WORK ITEM: The copy must hold every line from the one with "PetFlow logo." through the end of the listing, word for word, and must hold no pictures.

STORED DATA:
···

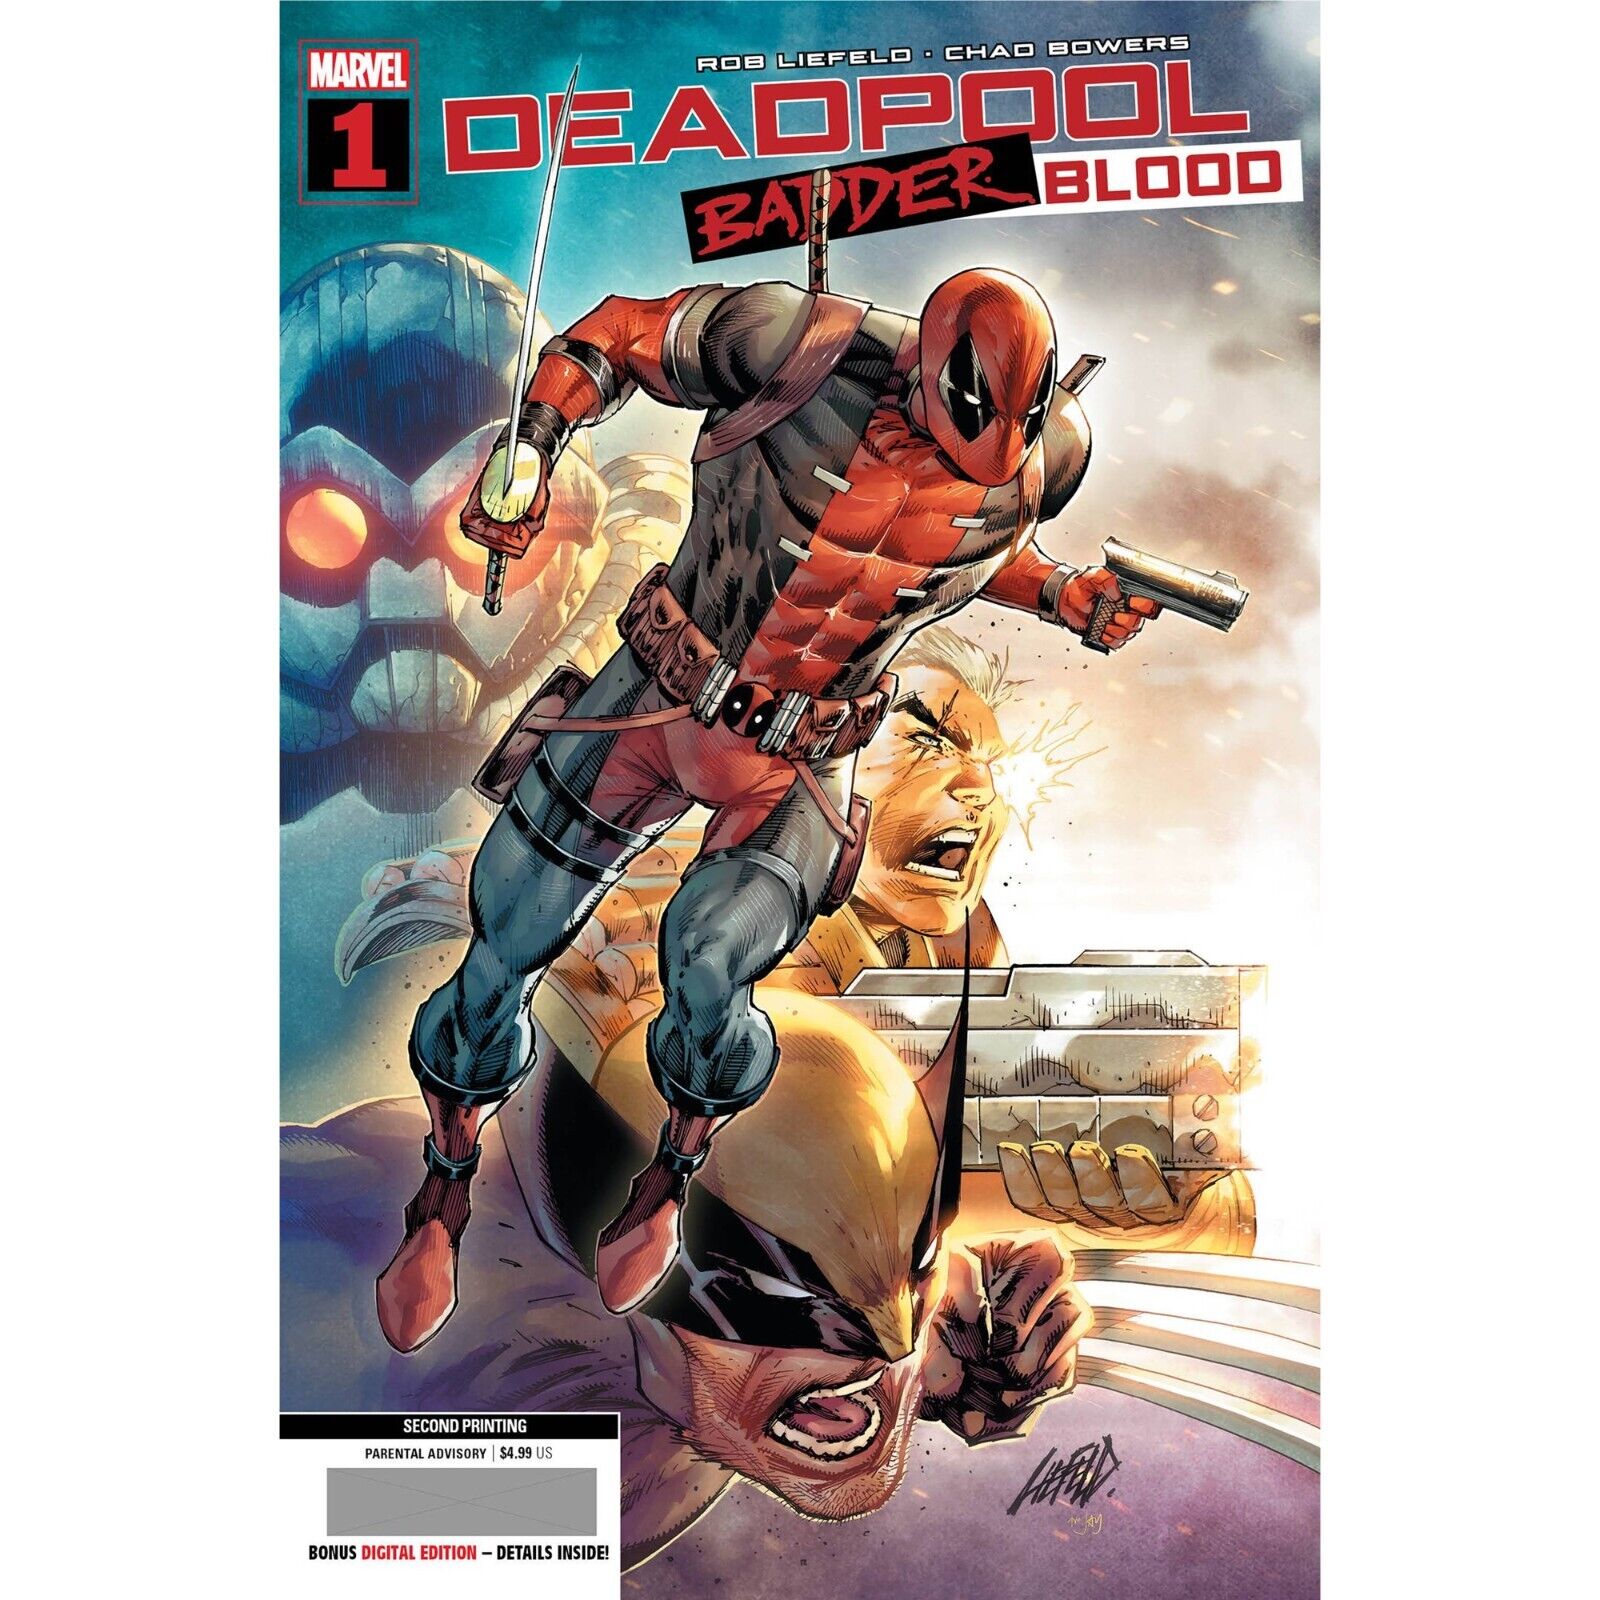 Deadpool: Badder Blood (2023) 1 2 3 4 5 | Marvel Comics | FULL RUN /COVER SELECT
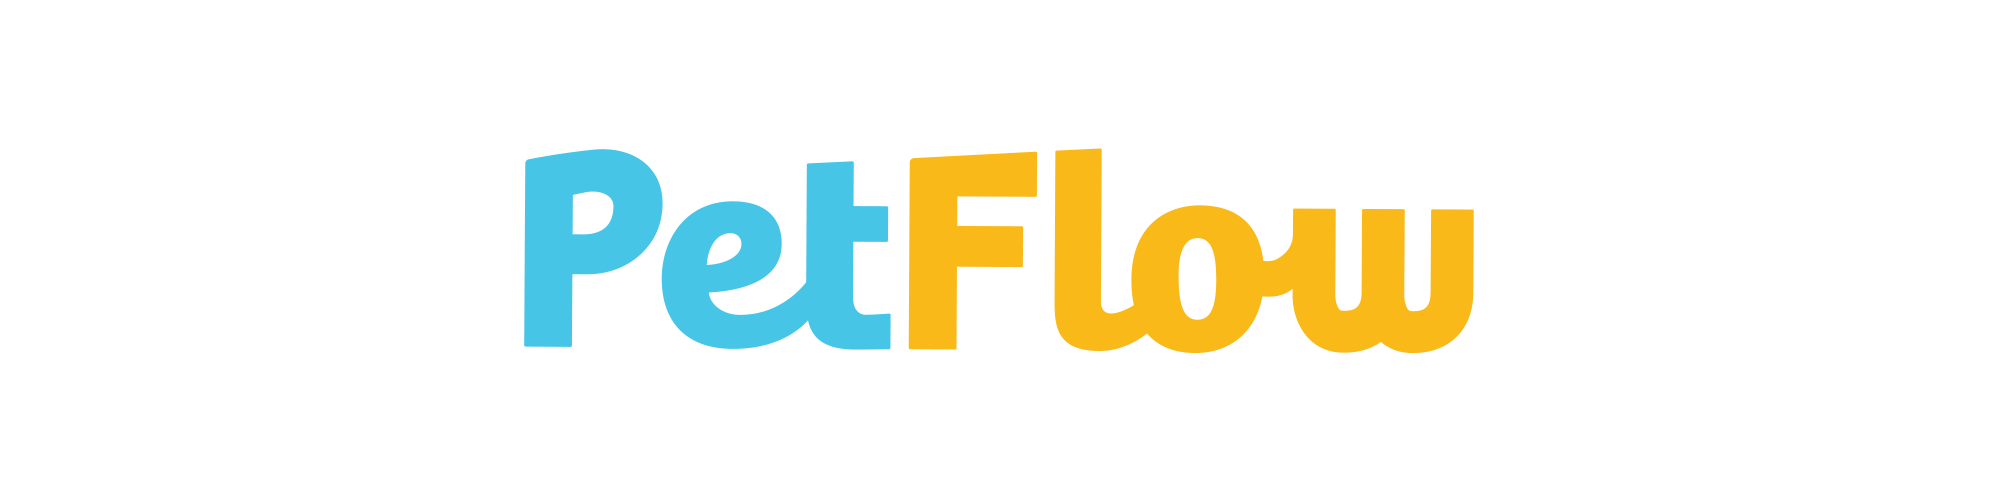 PetFlow logo.
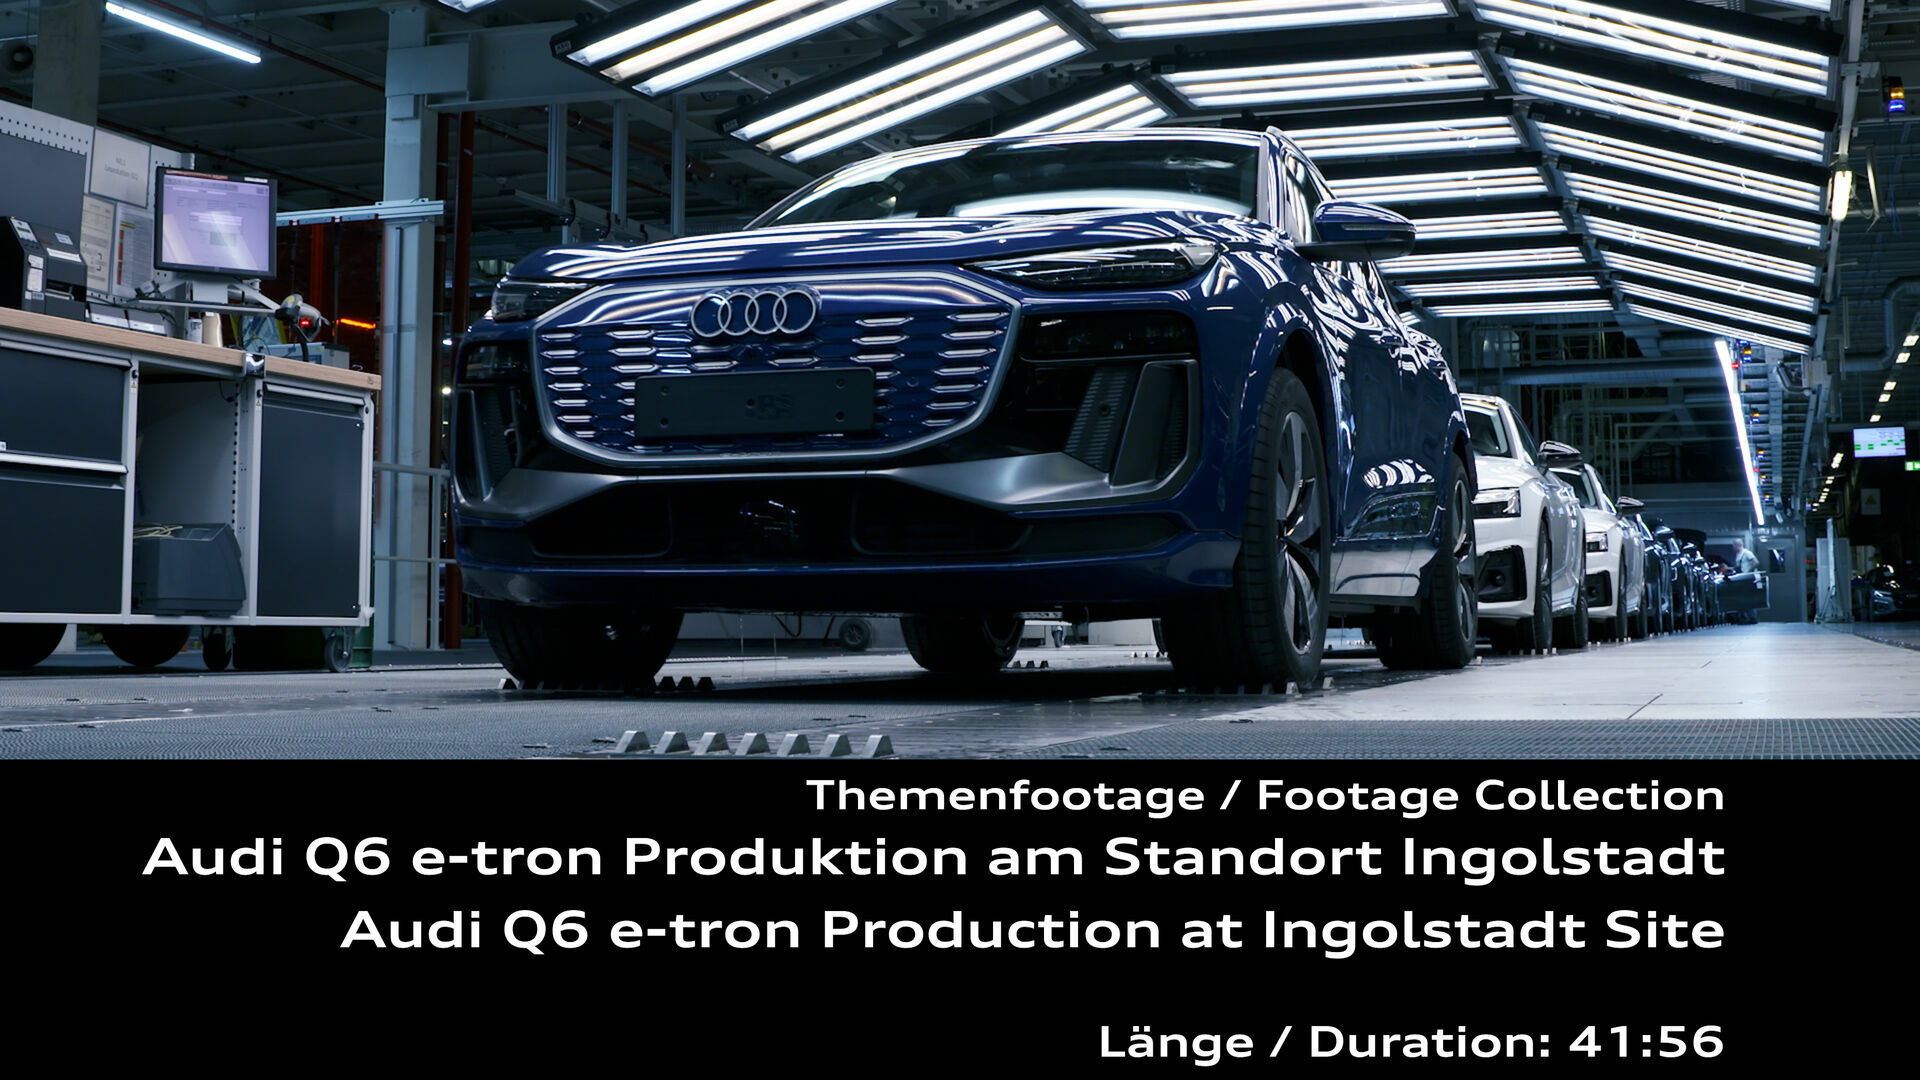 Audi Q6 e-tron Production at Ingolstadt Site – Footage
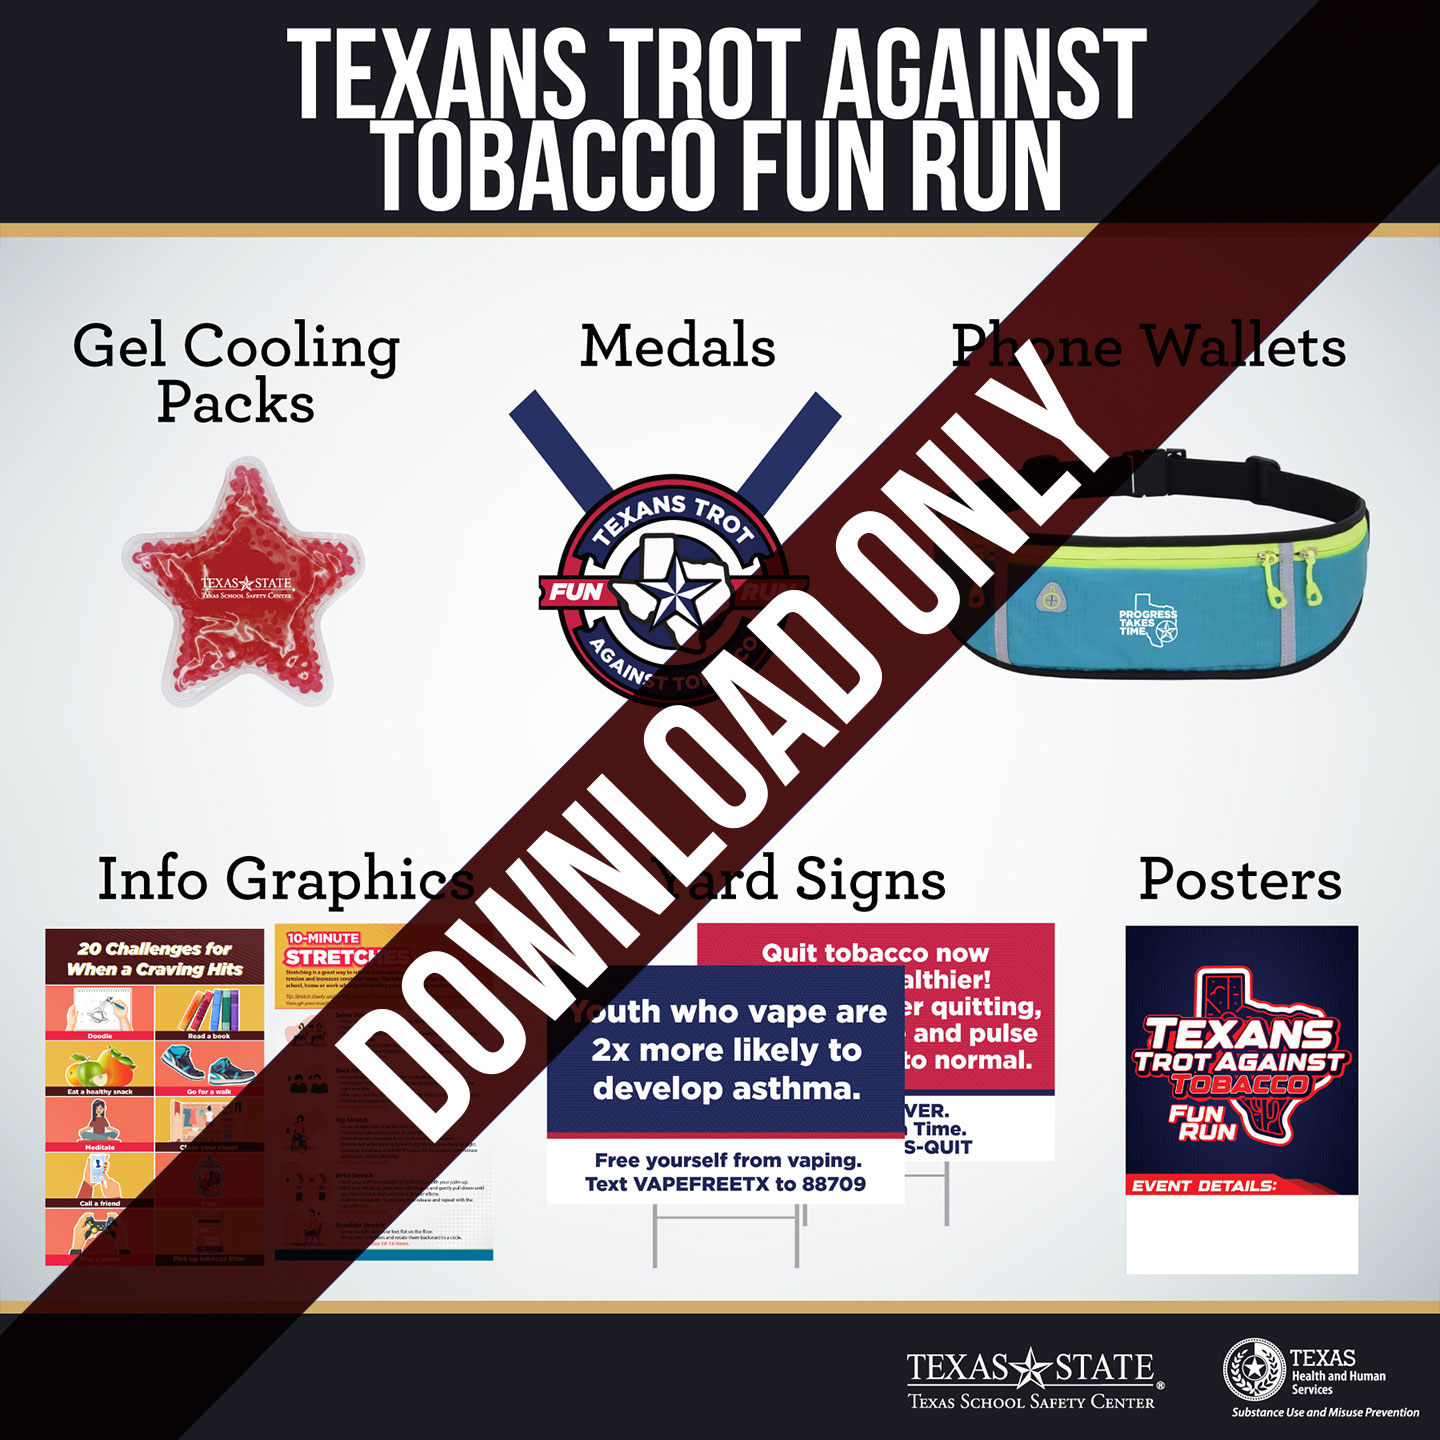 Texans Trot Against Tobacco Fun Run Kit

···

REPLY TO THE TASK:
 PetFlow logo.
 Audi Q6 e-tron Production at Ingolstadt Site – Footage
 Texans Trot Against Tobacco Fun Run Kit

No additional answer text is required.